Me: I’m heading to the grocery store. Any requests?
12-year-old: You know the stuff you usually buy?
Me: Yeah.
12: Don’t get any of it.
Here’s a sentence that has stuck with me for 22 years, from a doofy classmate’s story in 8th-grade English: “The werewolf puked and died.”
Sure I’ll donate my bone marrow, what are you making, broth?

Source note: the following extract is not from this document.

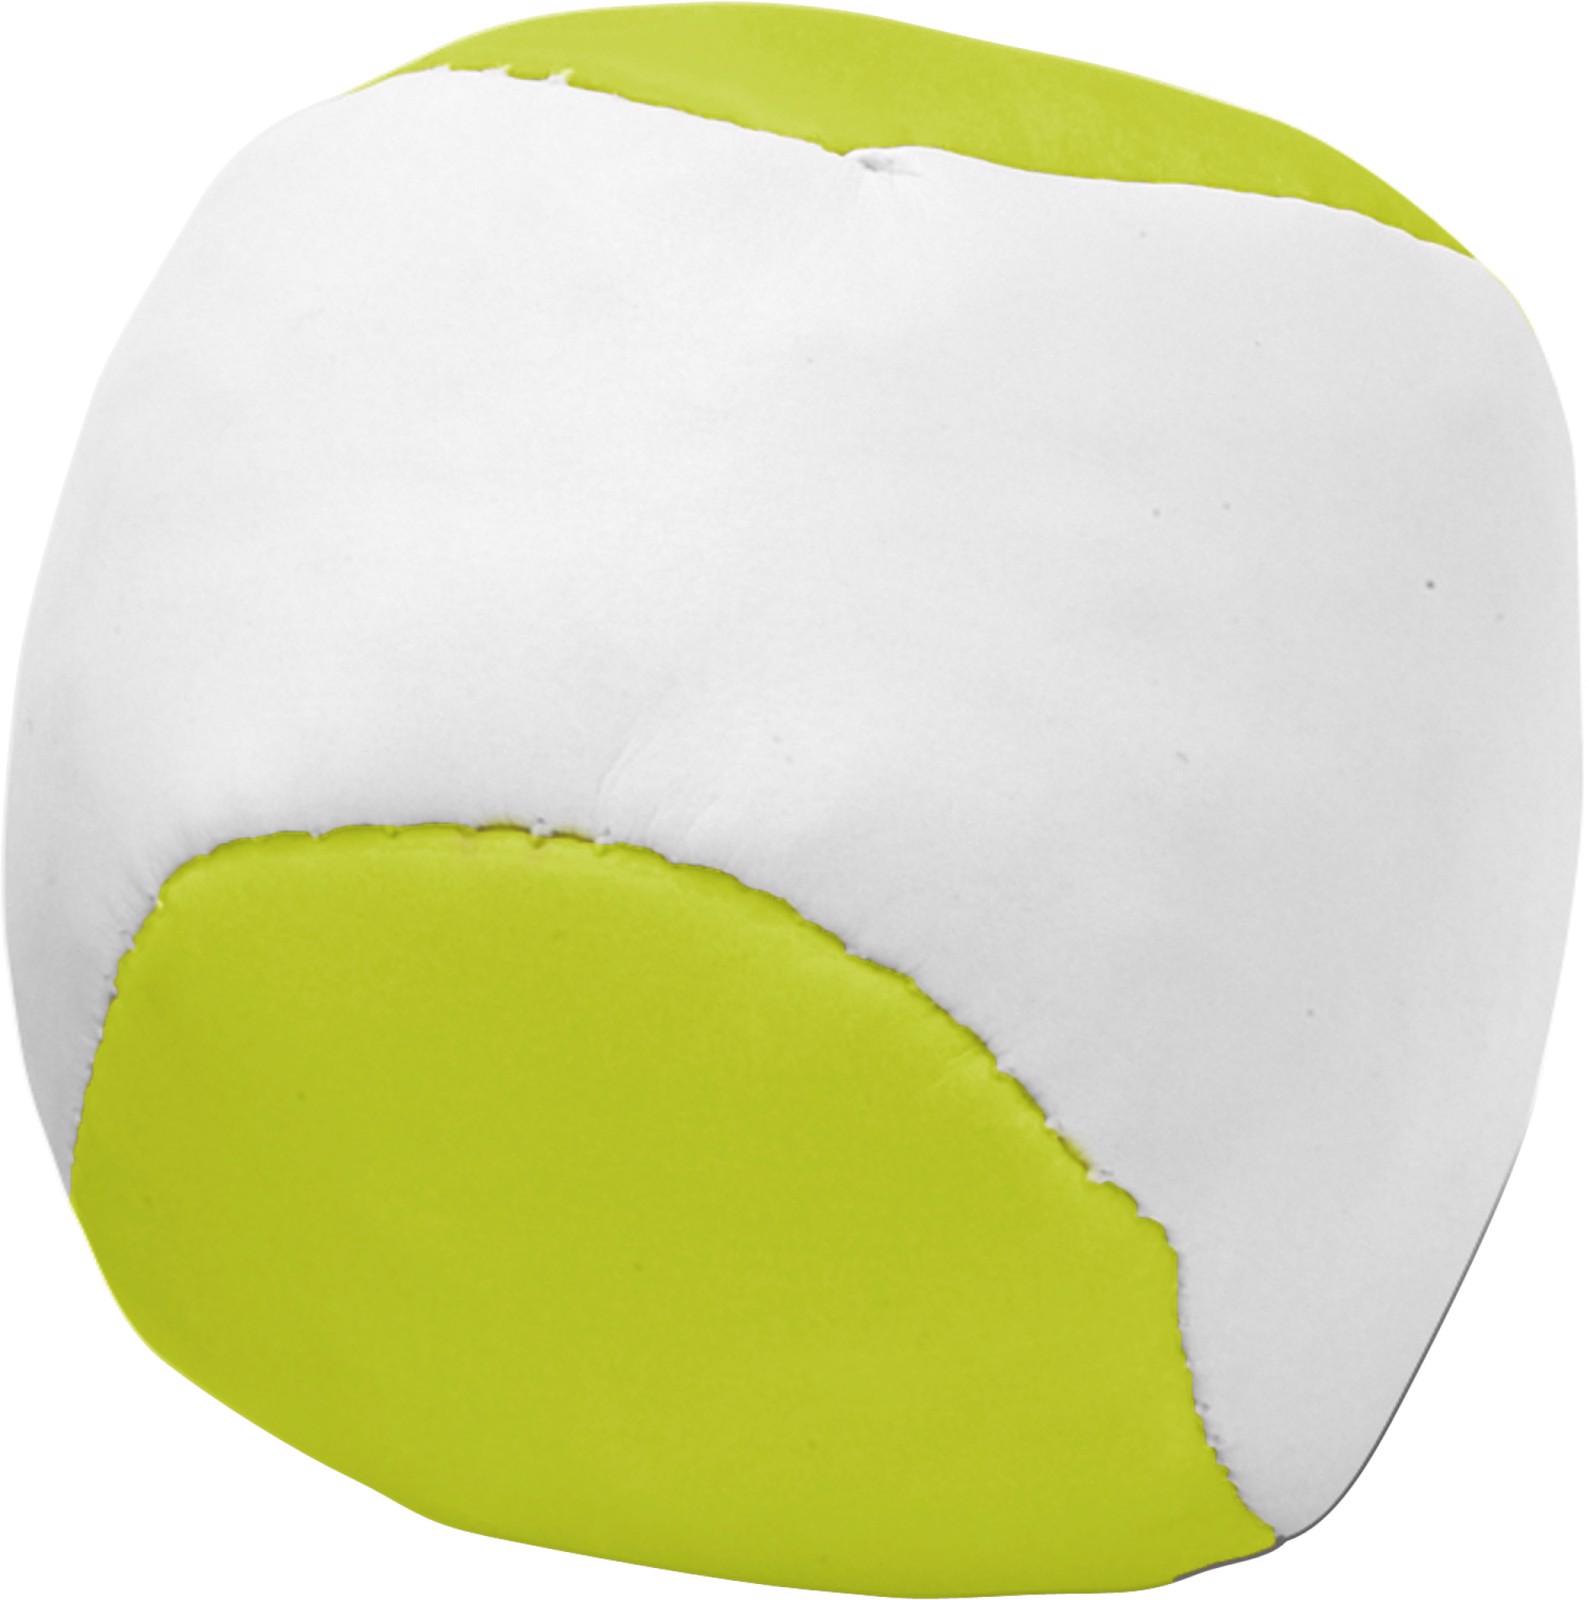 Imitation leather juggling ball - Lime
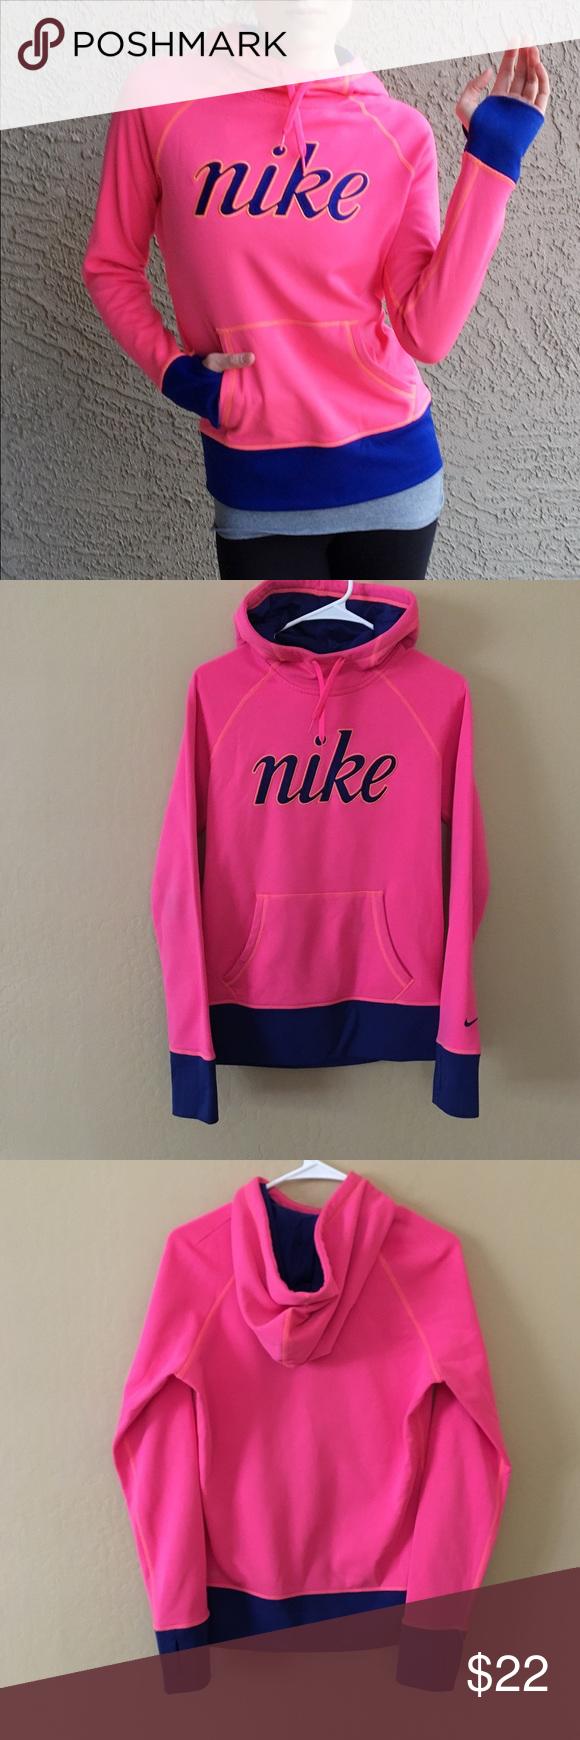 NIKE Hot Pink & Blue Therma Fit Hoodie Workout hoodie

When a guy on a date says “how are you still single” apparently you’re not supposed to tell him
All I’m saying is, China could have a much better relationship with the West if they shared their dragons with us but whatever be that way.
Roses are red
Violets are blue
Stop clicking your pen when you talk to me Kevin
I swear I will murder your face with my tape dispenser
Sometimes when my kids are following me around the grocery store, I walk in circles around things to test their loyalty.
YES
YES
YES
YES
YES
-me watching the pizza delivery guy on my GPS app as he gets closer to my house
[Witches Kitchen]
Mama: I made you a birthday cake and I used pig blood so it’s nice and moist
Daughter: wow okay that’s gross
Mama: what, I thought you liked pig blood?
Daughter: oh I do, but stop saying moist
When God invented snakes he was like do you want legs or do you want to look like a scary belt, too late scary belt
Me redecorating every room in my mind
Make bowling your first date. If he rents small shoes and jams his fingers in the wrong holes don’t bother with a second.